- Information shown
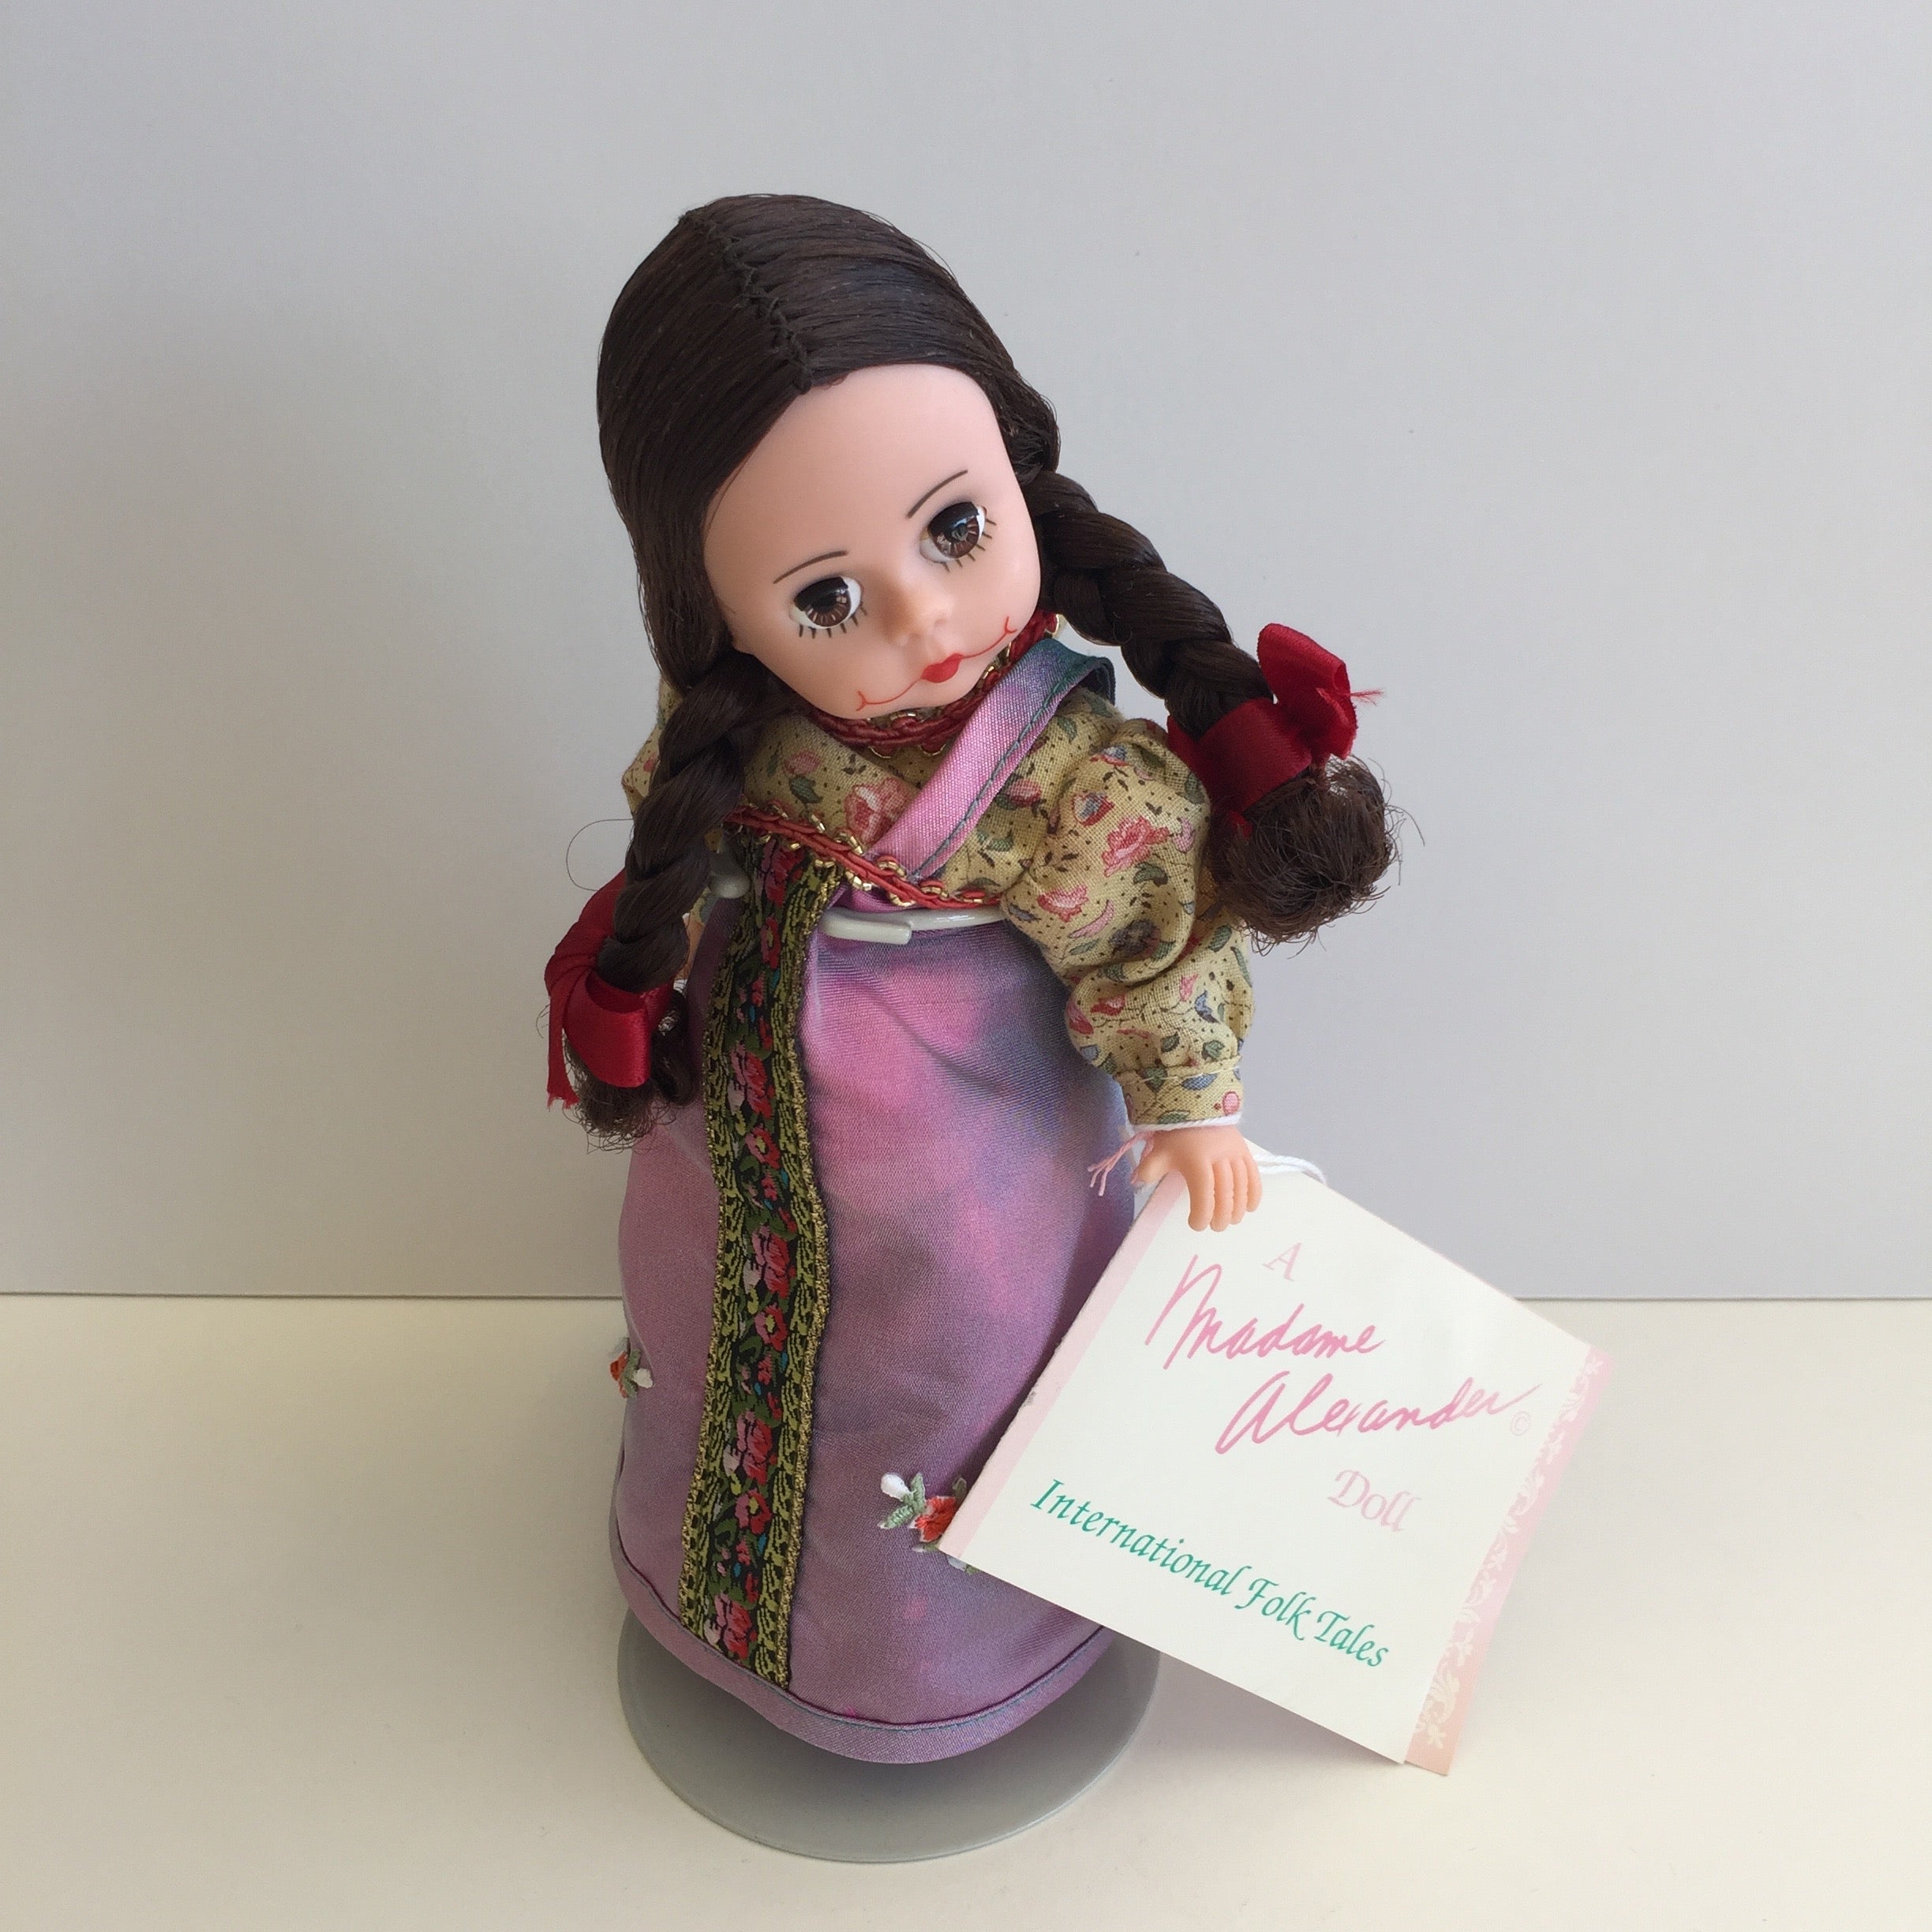 Mint Condition 1995 Madame Alexander 8" RUSSIA (PURPLE DRESS) Collectible Doll
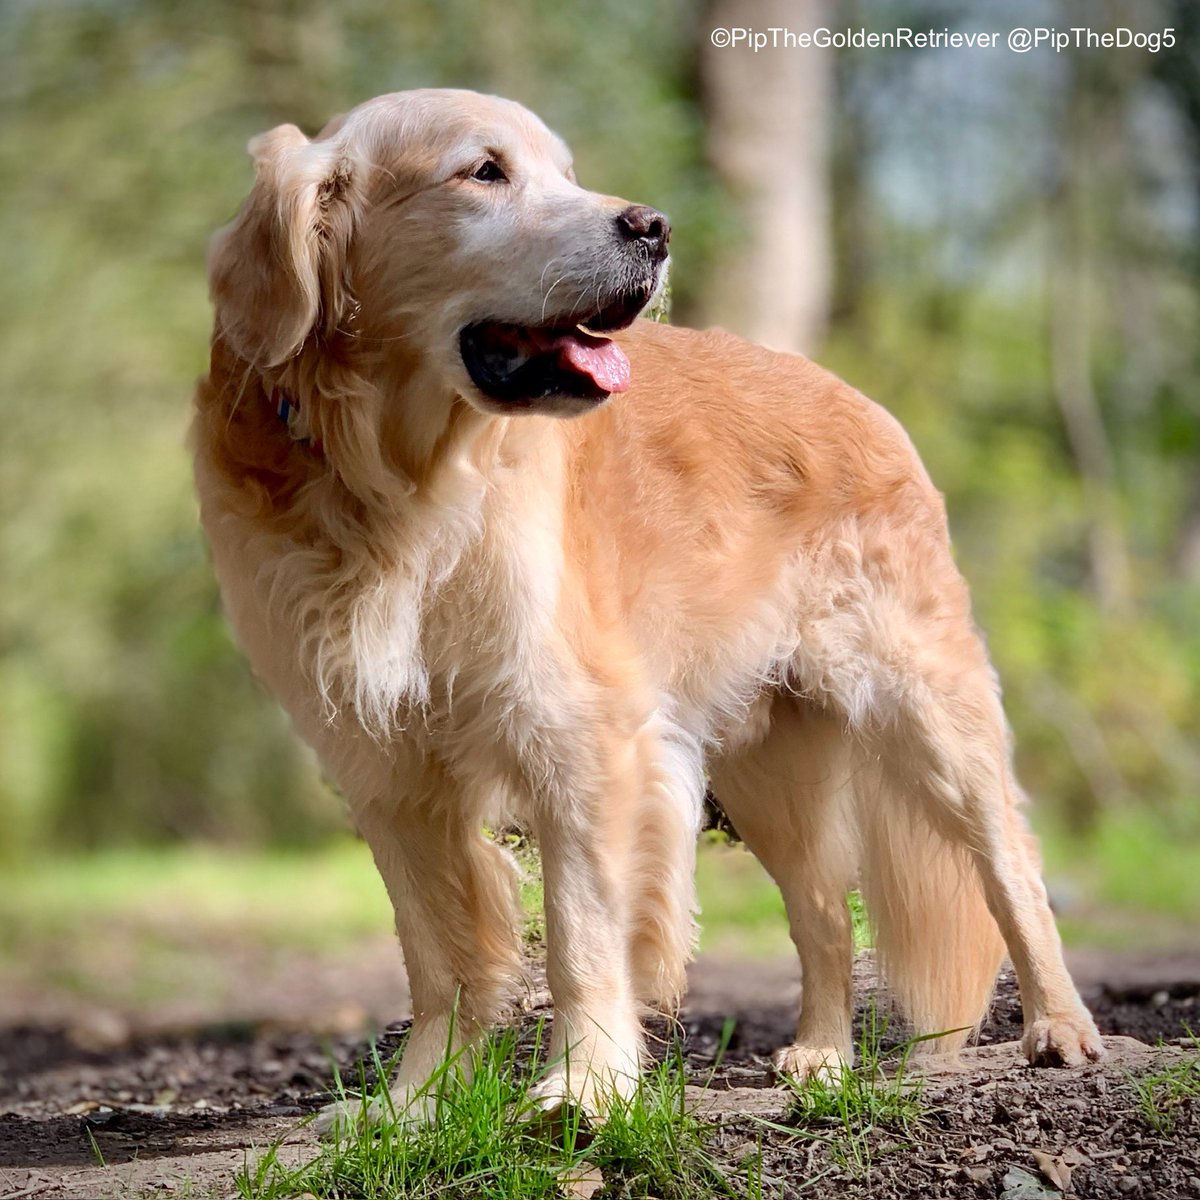 🌤️🐶🌳

Happy Monday! My family and I wish you everything you wish for yourself this week.

#GoldenRetrievers 🐕😀🐾

- What is needed
Except for the pictures, please retype the listing above exactly.

- Expected answer
 Mint Condition 1995 Madame Alexander 8" RUSSIA (PURPLE DRESS) Collectible Doll
 🌤️🐶🌳

Happy Monday! My family and I wish you everything you wish for yourself this week.

#GoldenRetrievers 🐕😀🐾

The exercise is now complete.